__Task objective__:
Everything in the data below except the pictures must be repeated word for word.

__Given material__:
++++++++

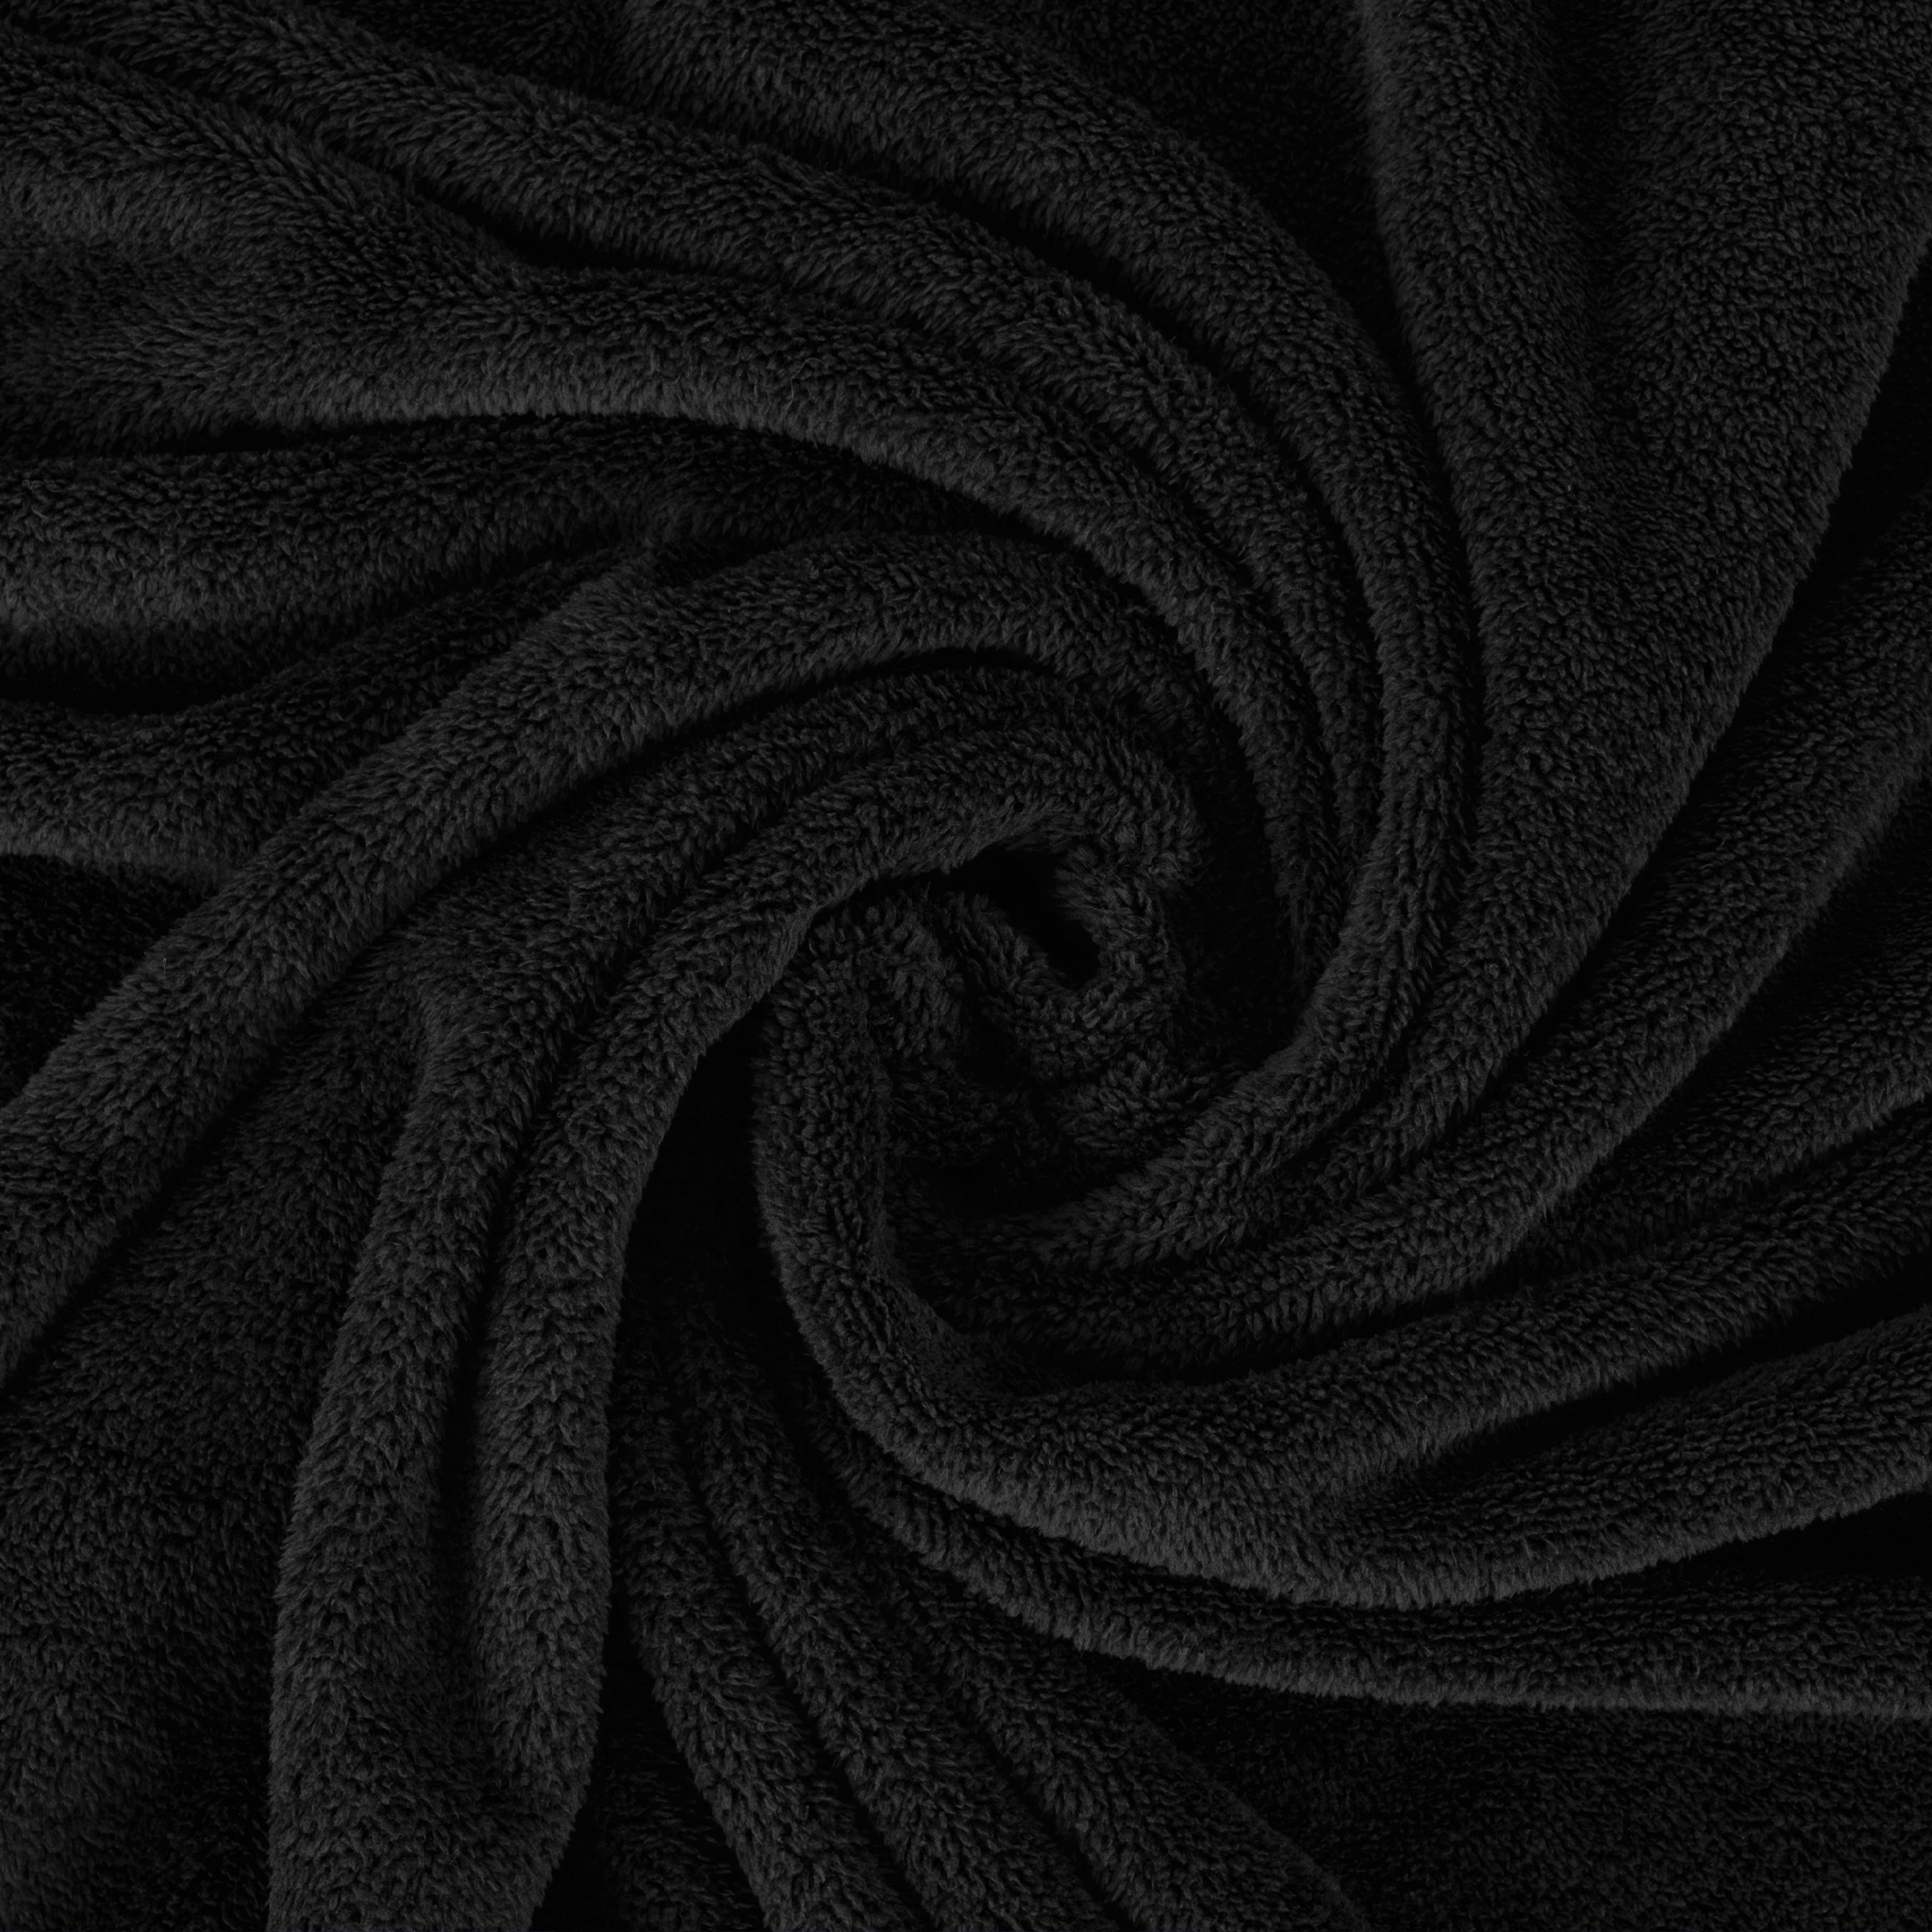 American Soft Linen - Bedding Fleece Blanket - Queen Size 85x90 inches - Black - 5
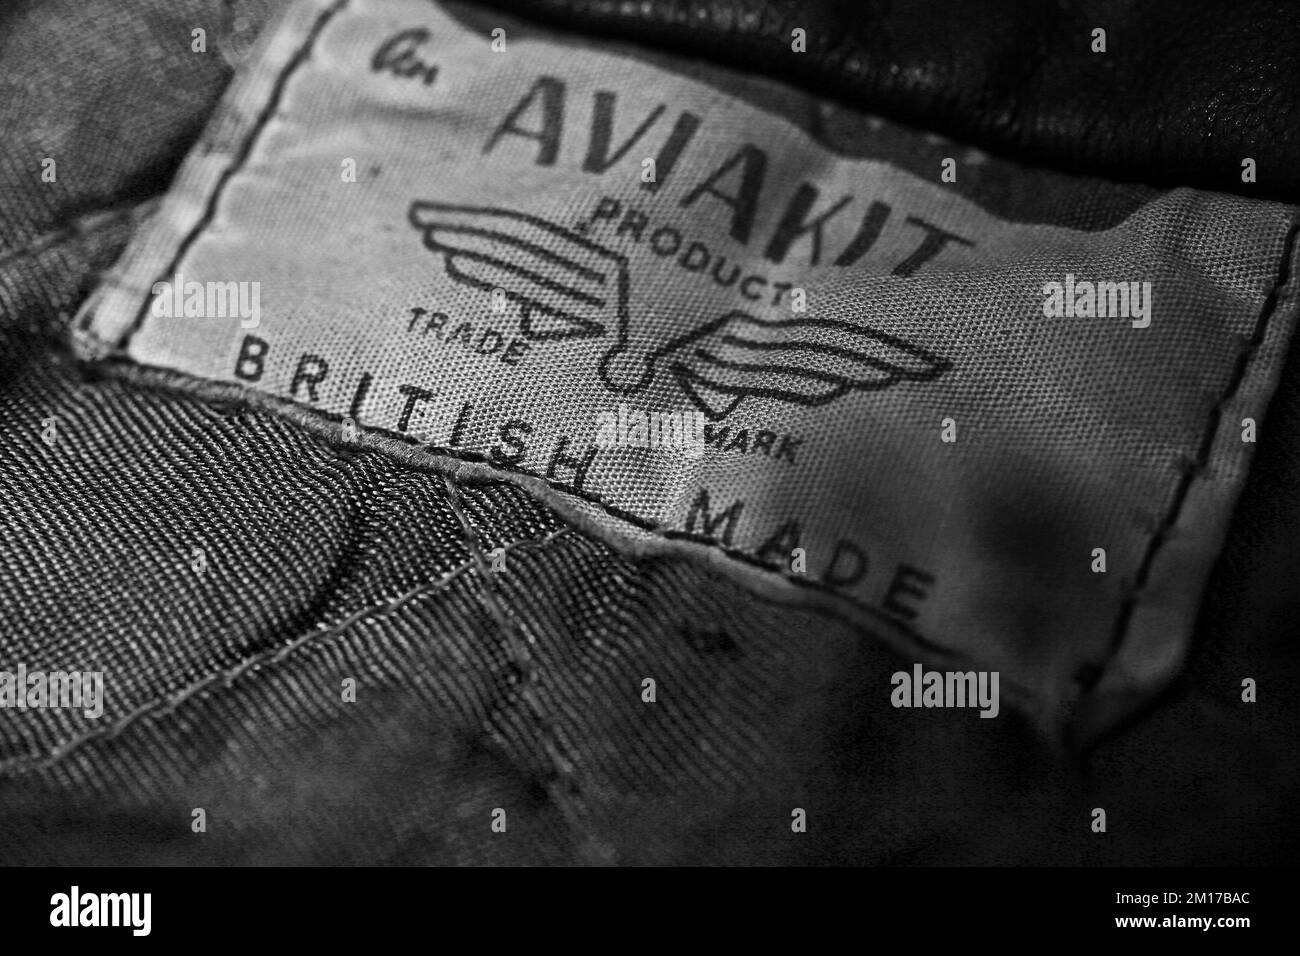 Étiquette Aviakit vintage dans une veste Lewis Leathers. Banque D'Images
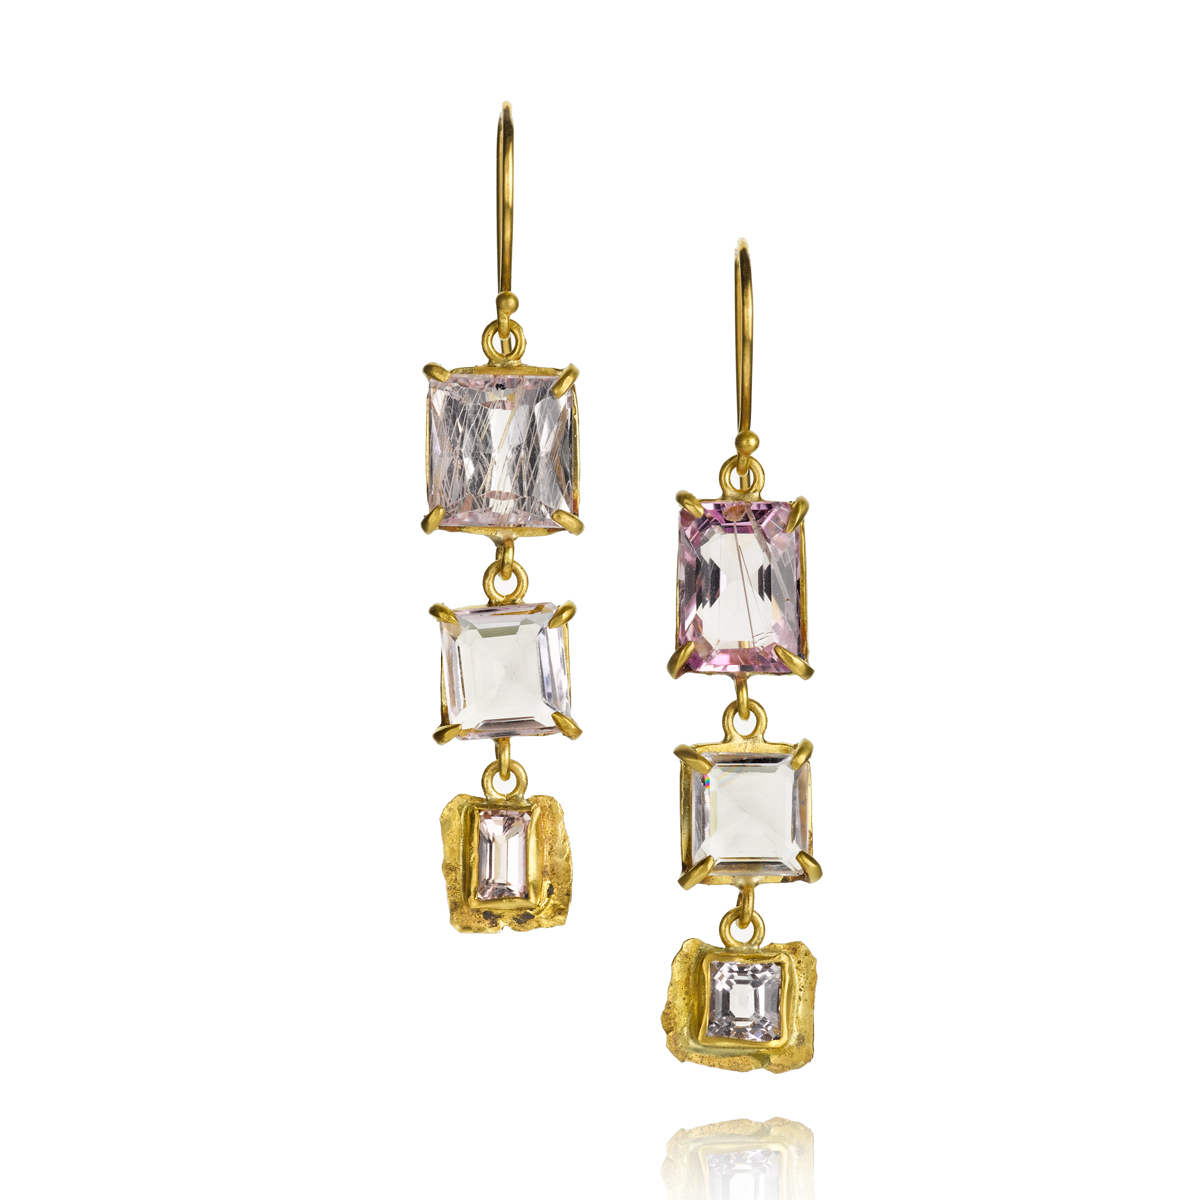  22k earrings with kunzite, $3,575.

++++++++

__Task output__:
 American Soft Linen - Bedding Fleece Blanket - Queen Size 85x90 inches - Black - 5
 Étiquette Aviakit vintage dans une veste Lewis Leathers. Banque D'Images
  22k earrings with kunzite, $3,575.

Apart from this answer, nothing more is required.